--- START ---

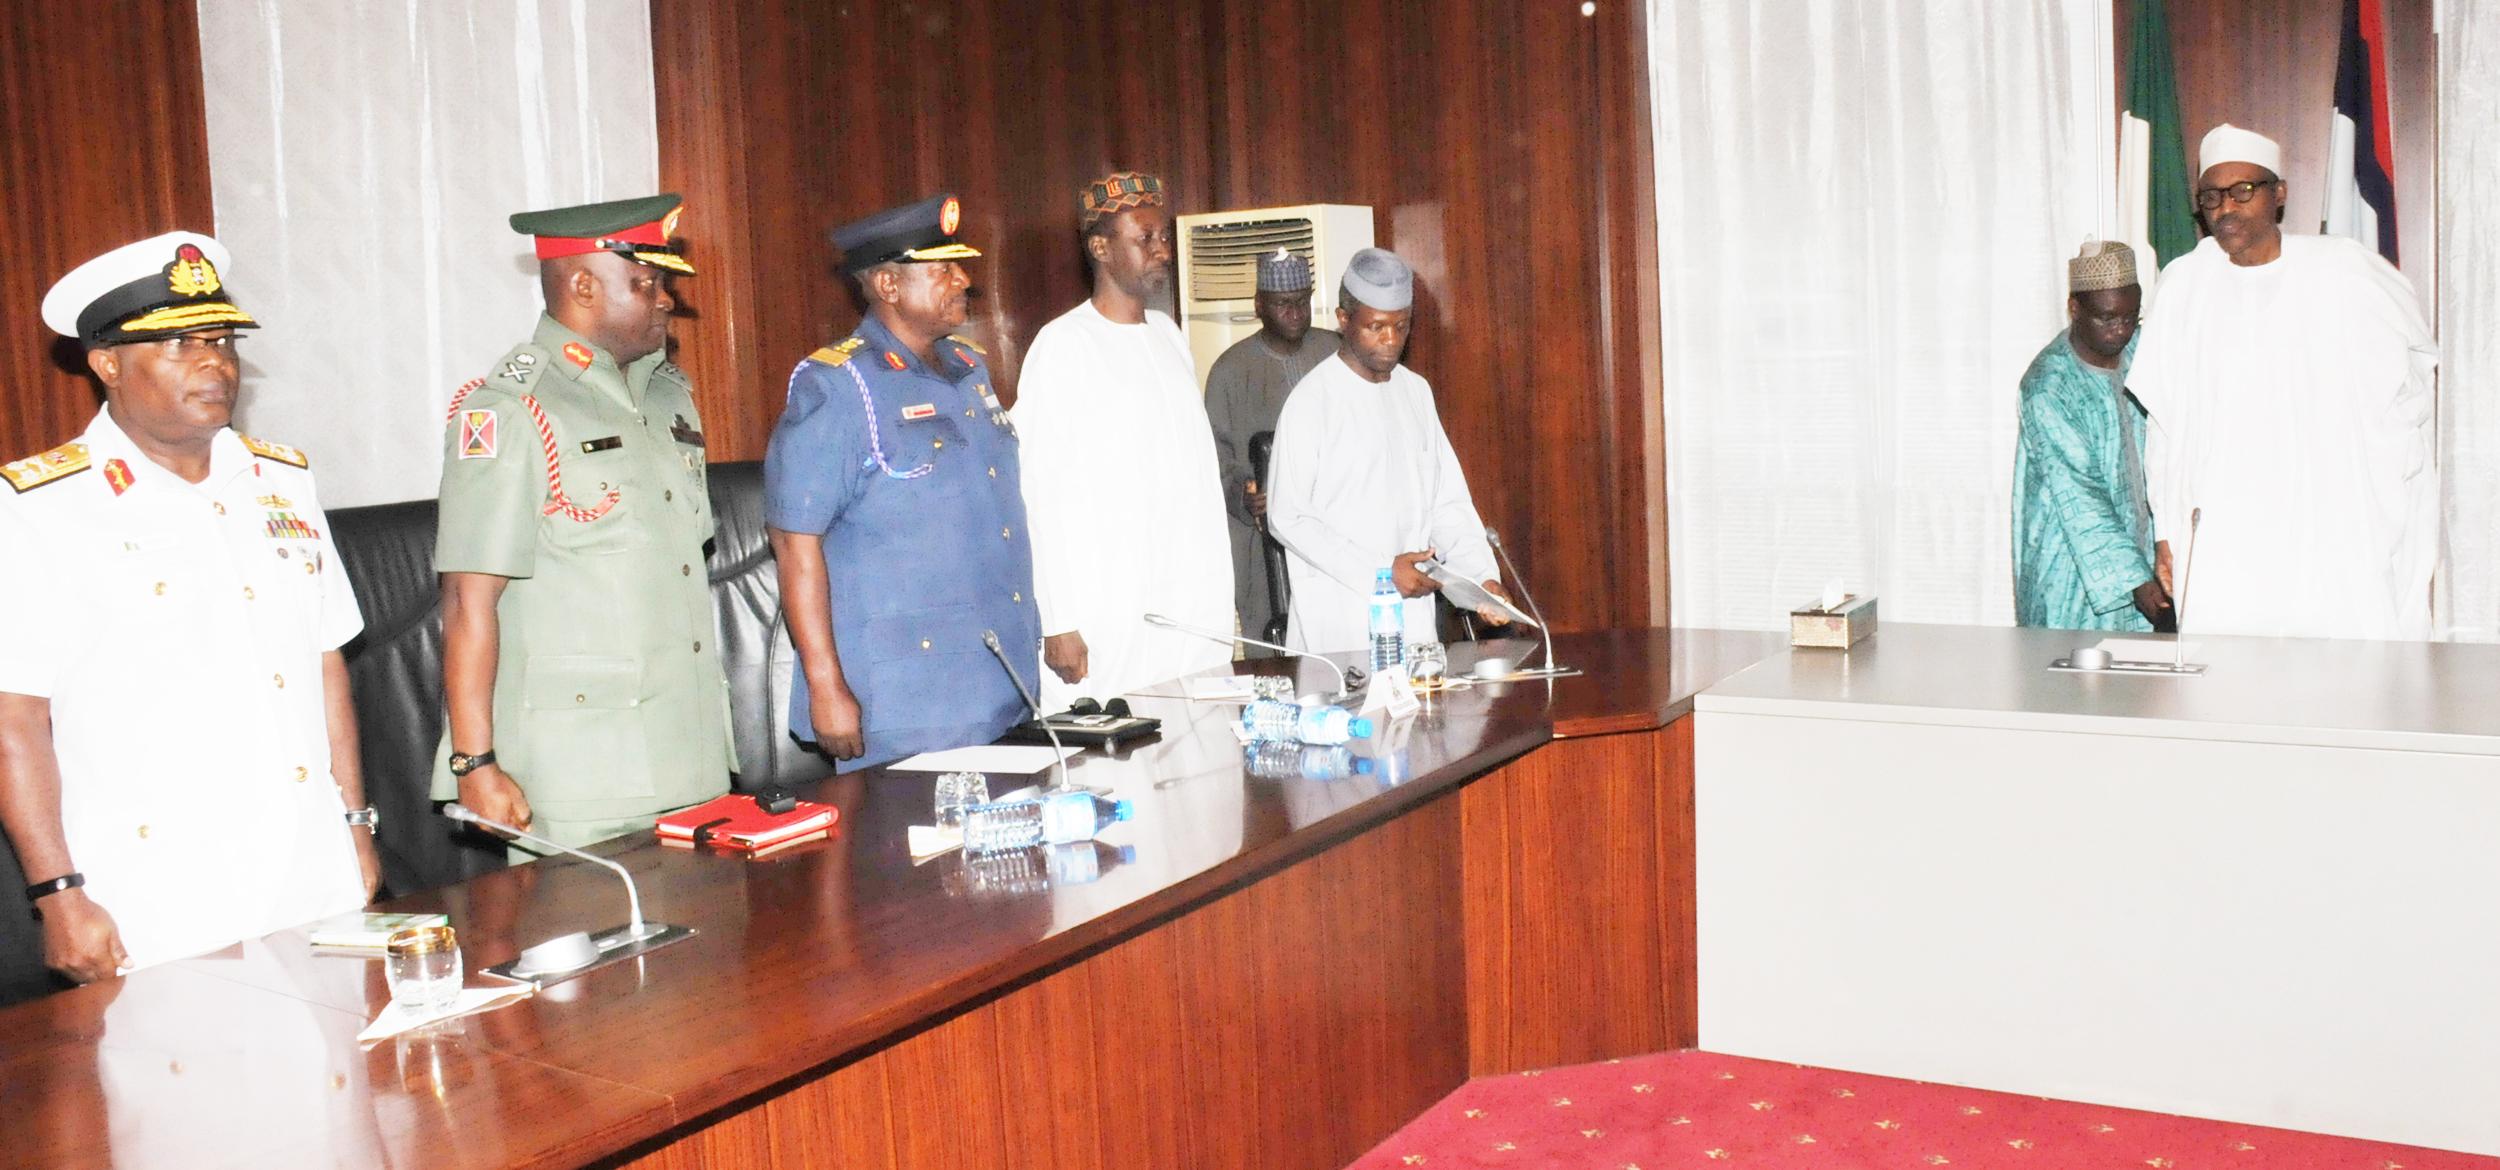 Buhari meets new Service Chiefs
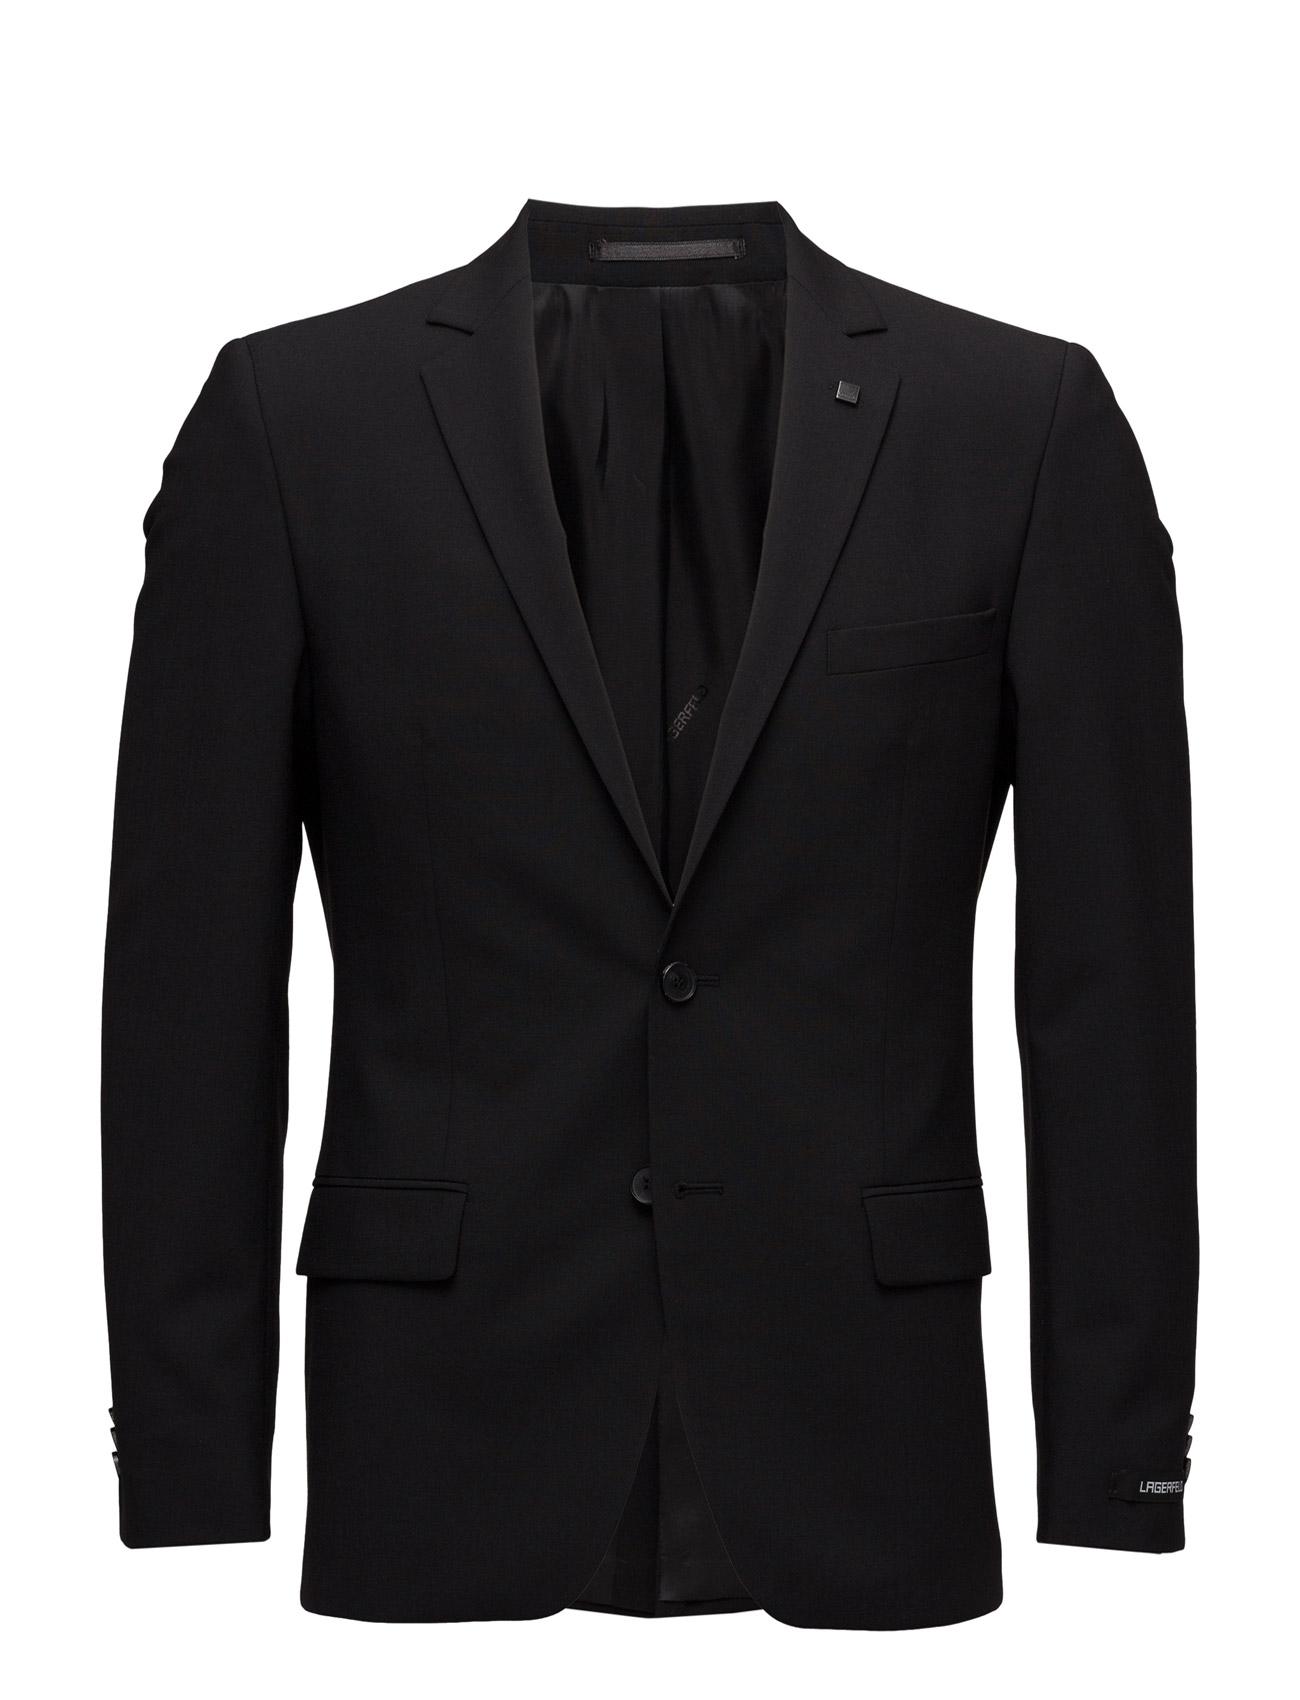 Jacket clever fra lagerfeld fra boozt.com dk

--- END ---
--- START ---

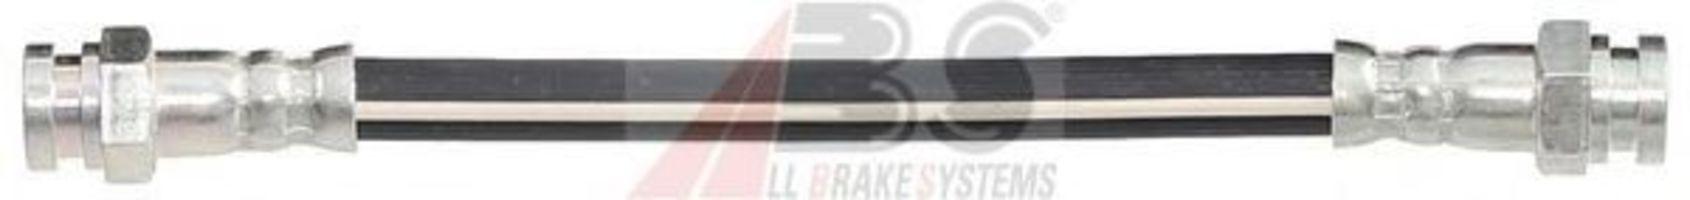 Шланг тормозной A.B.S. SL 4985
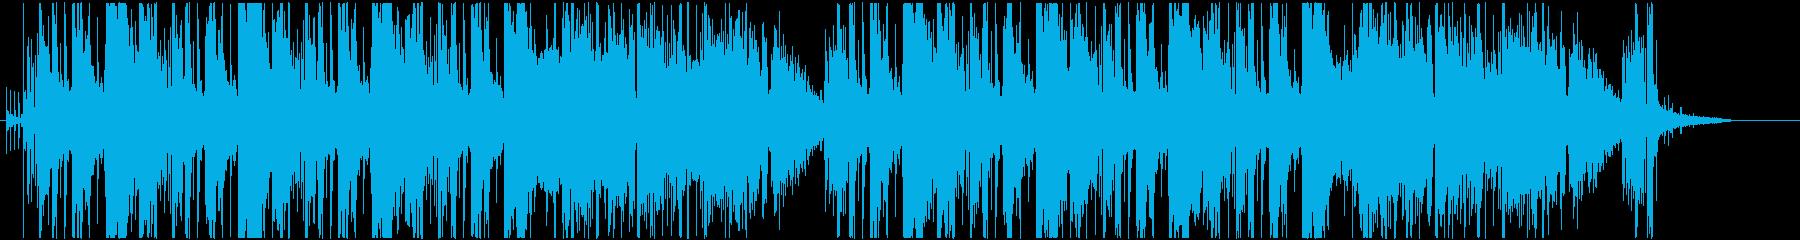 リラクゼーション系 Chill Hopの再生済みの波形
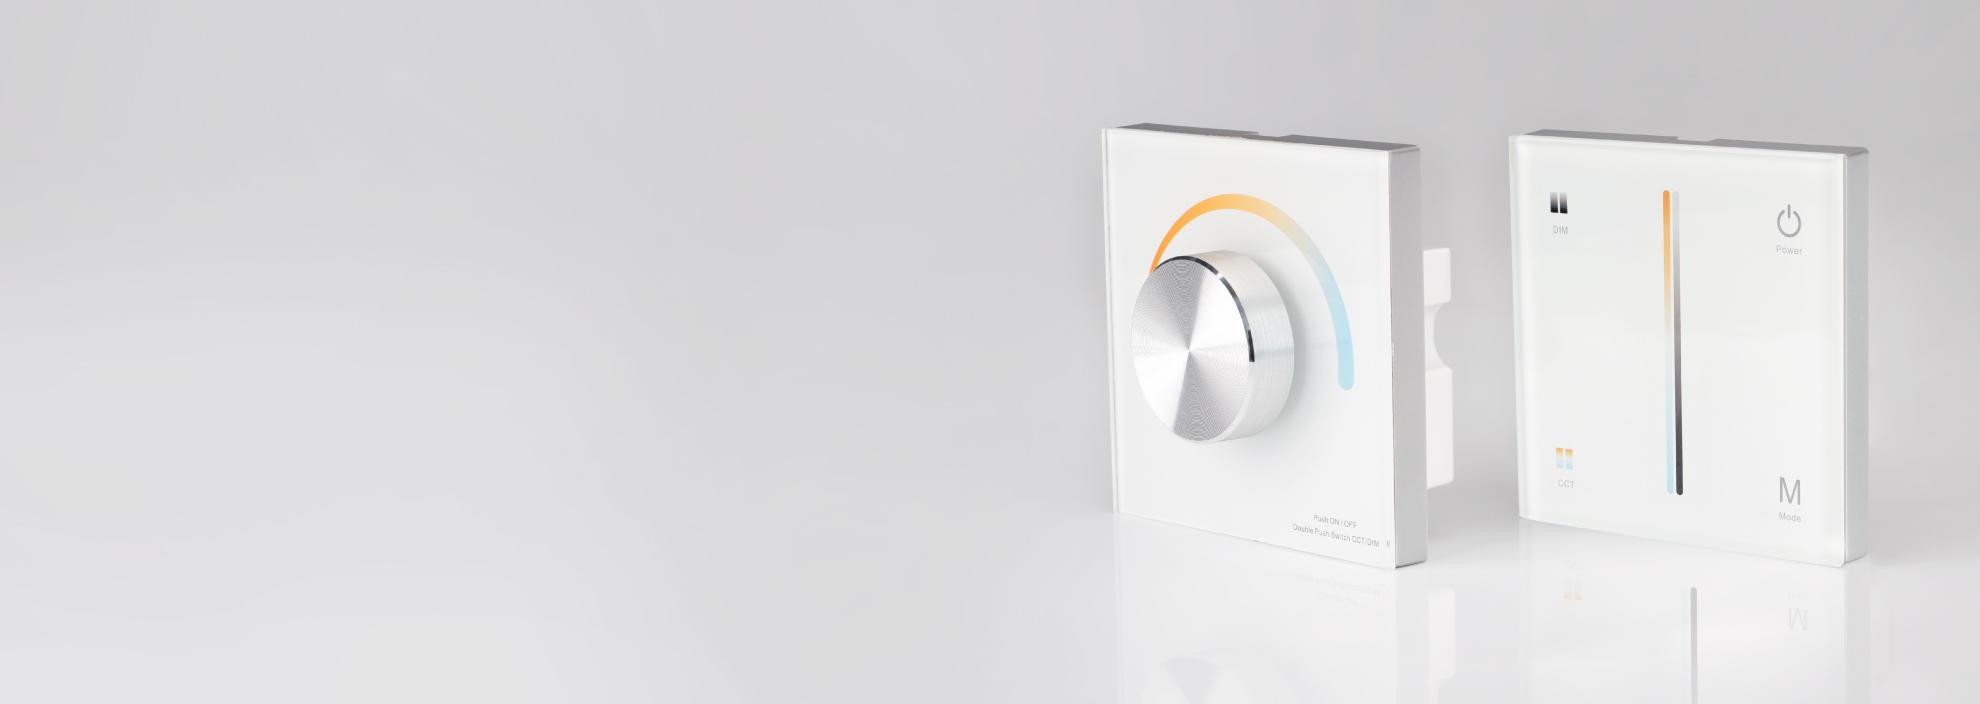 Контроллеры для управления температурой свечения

--- END ---
--- START ---

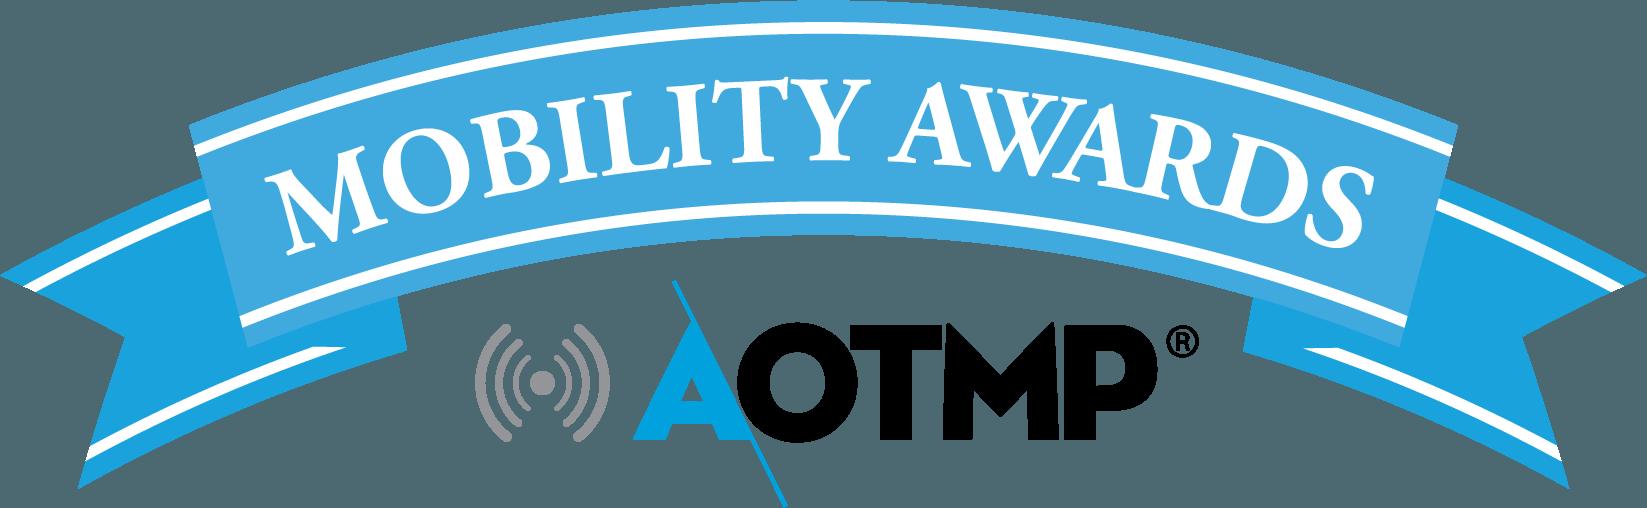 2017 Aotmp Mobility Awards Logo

--- END ---

Everything above from the line that has "Buhari meets new Service Chiefs" down to the line that has "Jacket clever fra lagerfeld fra boozt.com dk" should be output exactly, with both of those lines included. Leave the pictures behind.

 Buhari meets new Service Chiefs
 Jacket clever fra lagerfeld fra boozt.com dk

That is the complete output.